“Lines of Inquiry” Showcases Rembrandt’s Technique, Breadth of Etchings

A spectacular selection of Rembrandt’s work stars at the Allen Memorial Art Museum in Lines of Inquiry: Learning from Rembrandt’s Etchings. The new exhibition, which opened Tuesday, was curated in collaboration with Cornell University’s Herbert F. Johnson Museum of Art, which hosted it last semester. Along with displaying examples of Rembrandt’s innovative printmaking, the selection also explores Oberlin’s personal history with these works, current digital projects, and innovations that are facilitating access to the works.

Immediately upon walking into the AMAM, visitors are greeted by a video that introduces various 17th-century processes for papermaking, etching, watermarking, and printing that Rembrandt used to create his art. These explanations are a helpful introduction to Rembrandt’s famously technical etchings and allow viewers to explore the detail in the prints more deeply. There is also an interface that offers an introduction to the Watermarks in Rembrandt’s Etchings Project, an interface created from a collaboration between Cornell’s university museum and their electrical engineering department that attempts to simplify the process of confidently identifying watermarks in Rembrandt’s etchings. The hope is that this project will help reveal Rembrandt’s printing practices and allow for more accurate dating of his prints.

“Rembrant prints still today — almost 400 years old, in some cases — they still remain resonant, and they still remain relevant from all different avenues of inquiry,” said AMAM Curator of European and American Art Andaleeb Banta. “Be it you’re interested in the artistic aspect, or the aesthetic aspect, but they’re also wonderful historical documents. They are also materially really fascinating. The video and the touch screen explain the concept of watermark scholarship in Rembrandt prints.”

The exhibition proper is housed in the John N. Stern Gallery and features a great breadth of Rembrandt’s work, including landscapes, portraits, self-portraits, study plates, etchings of pastoral and mythological lovers, religious subjects, and vignettes of everyday life. Some of the prints are so small and intricate that they are best viewed with a magnifying glass.

“He’s such an interesting artist and printmaking is a specific kind of technique, etching is a specific kind of technique,” Banta said. “On top of that he was particularly masterful in his etching technique, so there’s a lot of layers for us to explore.”

Lines of Inquiry already proves popular with the campus community.

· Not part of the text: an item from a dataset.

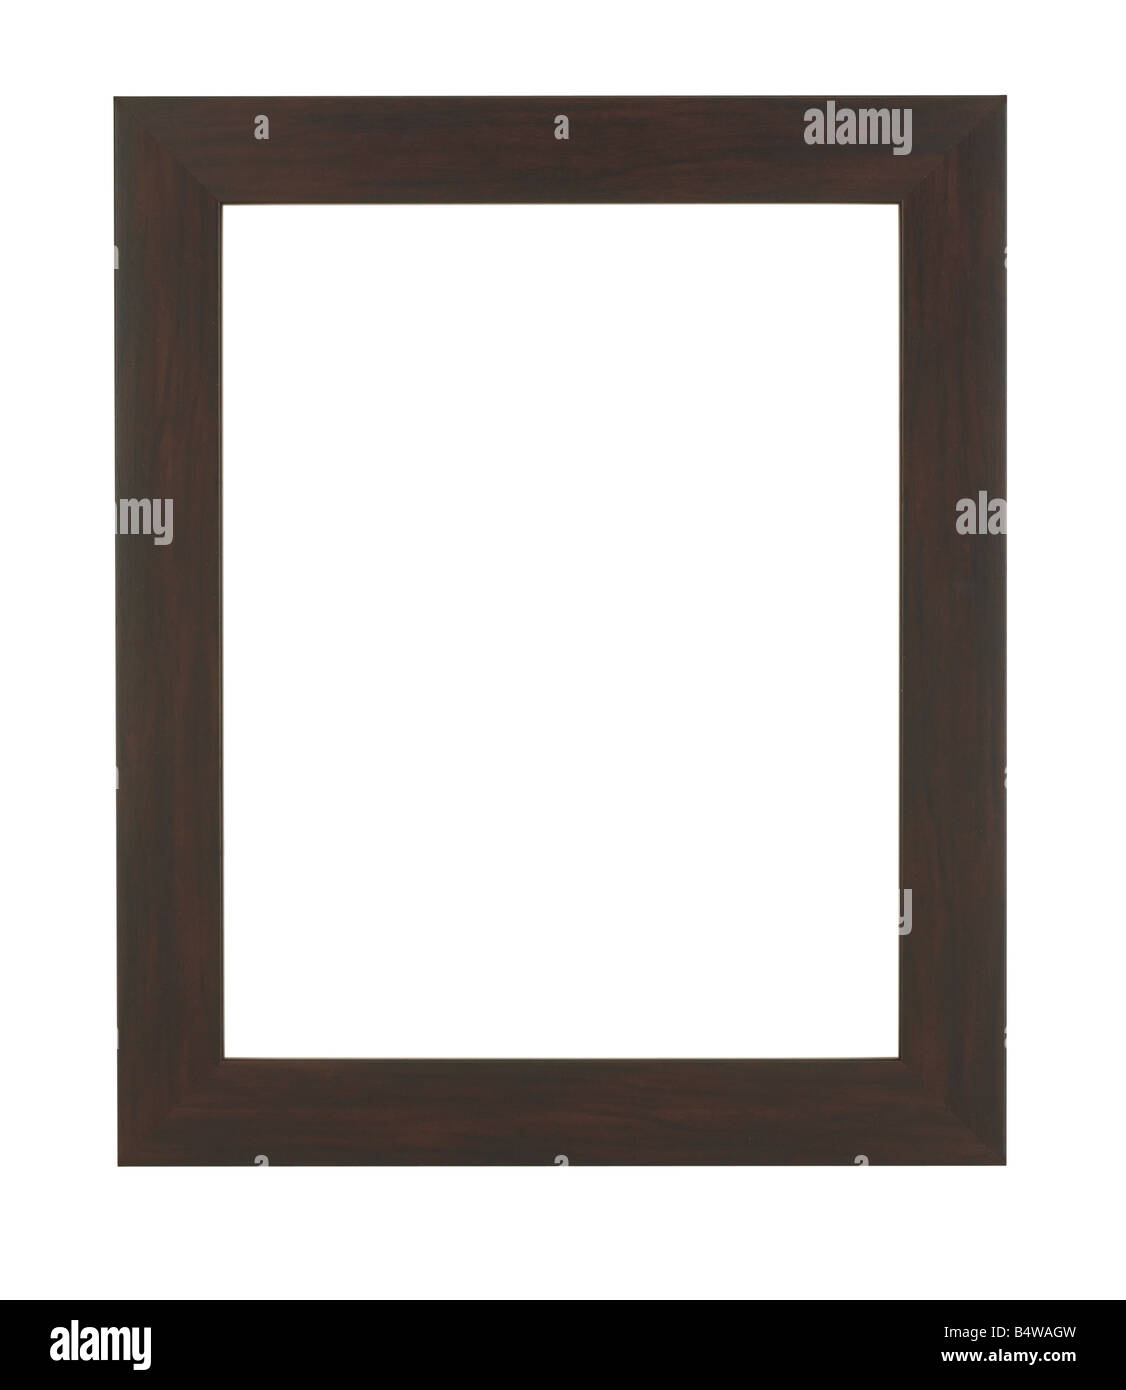 DARK BROWN WOOD PICTURE FRAME Stock Photo
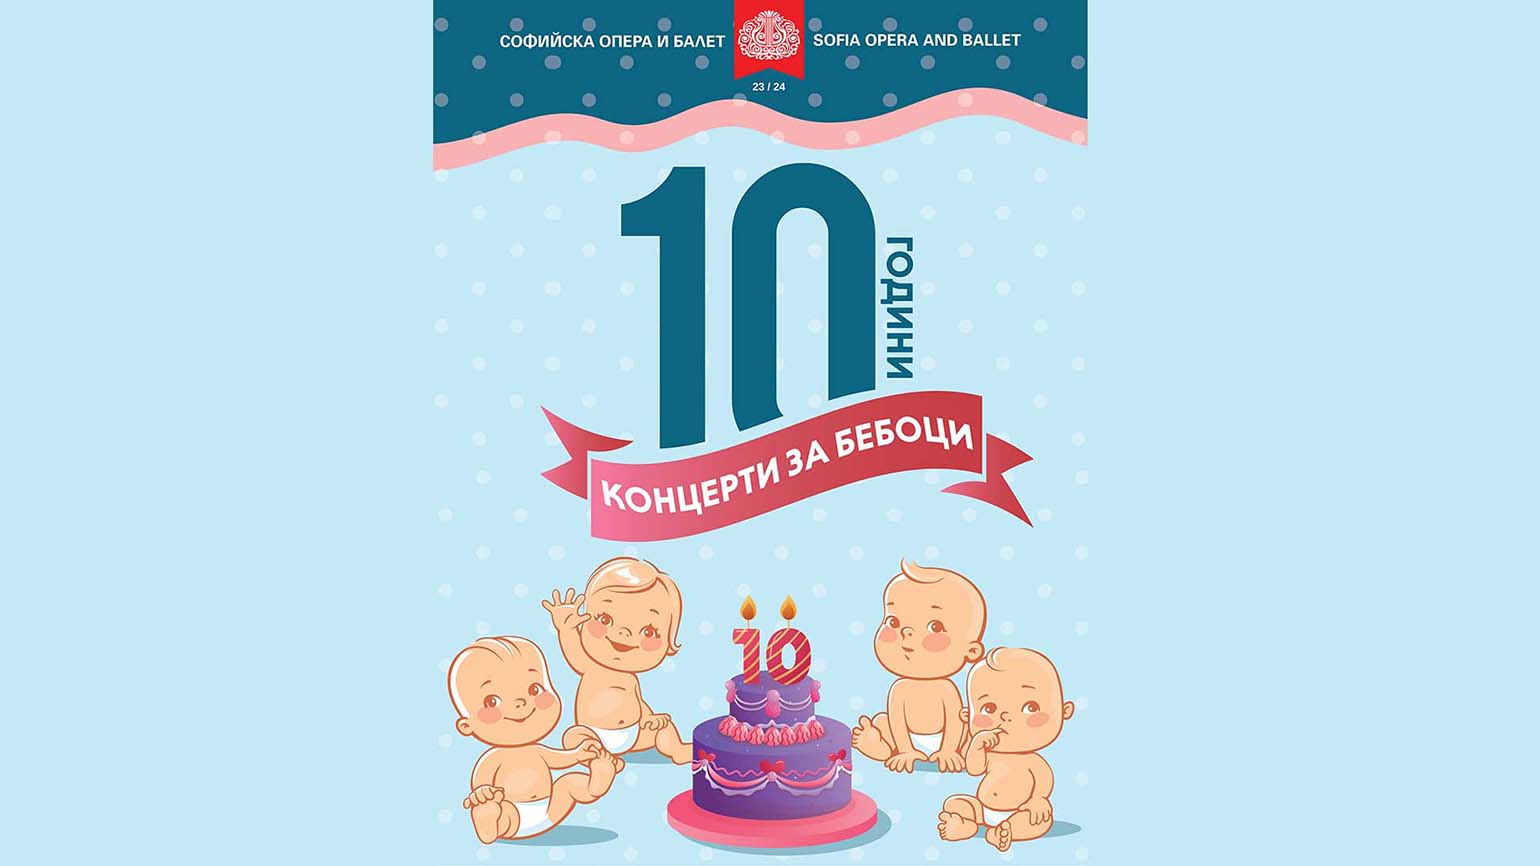 Ten years since the launch of Concerts for Babies

“I really like Rembrandt’s crosshatching,” College sophomore Kai Basler-Chang said. “I remember in art how difficult it is, and he does it so well.”

Banta spoke to how the collaborative exhibition evolved to reach its current state and how she hopes that Rembrandt’s recognized fame will draw visitors to the museum this semester.

“It was a project that took on different forms before settling on this one, which is focusing on Rembrandt prints in academic museum collections,” Banta said. “Almost all the loans that have come to us have come from academic museums. … There are certain things you would want in your collection, and a Rembrandt print is one of them.”

Although Rembrandt remains popular and resonant in museum collections worldwide to this day, Oberlin in particular has a unique historical connection to the Dutch master’s work. During World War II, Oberlin housed the New York Morgan Library’s extensive Rembrandt print collections for two years.

“There was a deep fear that New York might be bombed during the war, and that great treasures would go up in smoke, so the Morgan — along with other north East Coast museums — actually worked with museums located more in the interior to house certain things for them. So that story was kind of the kernel of the exhibition, but then we thought there’s more to tell. That story is here. … But we expanded it to explore this idea of Rembrandt prints in academic museums, and how they have played a really important role for a long period of time in academic museums.”

Along with Lines of Inquiry, two other new exhibitions are being hosted in the AMAM this semester: Handle with Care: Embracing Fragility and A Century of Asian Art at Oberlin: Japanese Prints.

Handle with Care was organized by Olivia Fountain, OC ’17, a curatorial assistant in the AMAM’s Office of Academic Programs. For Fountain, one important aspect of these exhibitions is their integration into other parts of the campus community.

“I’m really excited to see these exhibits integrated into classes,” Fountain said. “[Handle with Care] is very applicable today.”

Handle with Care raises questions about what and who is deemed “fragile” in certain contexts, and why. The works included feature only contemporary artists, which Fountain said serves to “create a space for living artists.”

A Century of Asian Art at Oberlin features a selection of the AMAM’s extensive collection of Japanese prints. These prints, whose origins span over 400 years, provide a glimpse at evolutions in Japanese art.

“By happy coincidence, major donations of Japanese prints to the AMAM have roughly paralleled major movements in Japanese printmaking from the 18th to the 20th centuries,” wrote Kevin Greenwood, Joan L. Danforth Curator of Asian Art. “This exhibition presents works by master printmakers from a variety of periods — a dual chronicle of this printmaking history and the growth of the museum’s collection.”

Lines of Inquiry will remain in the Stern gallery until May 13, while both Handle with Care and A Century of Asian Art at Oberlin will be available for viewing until July.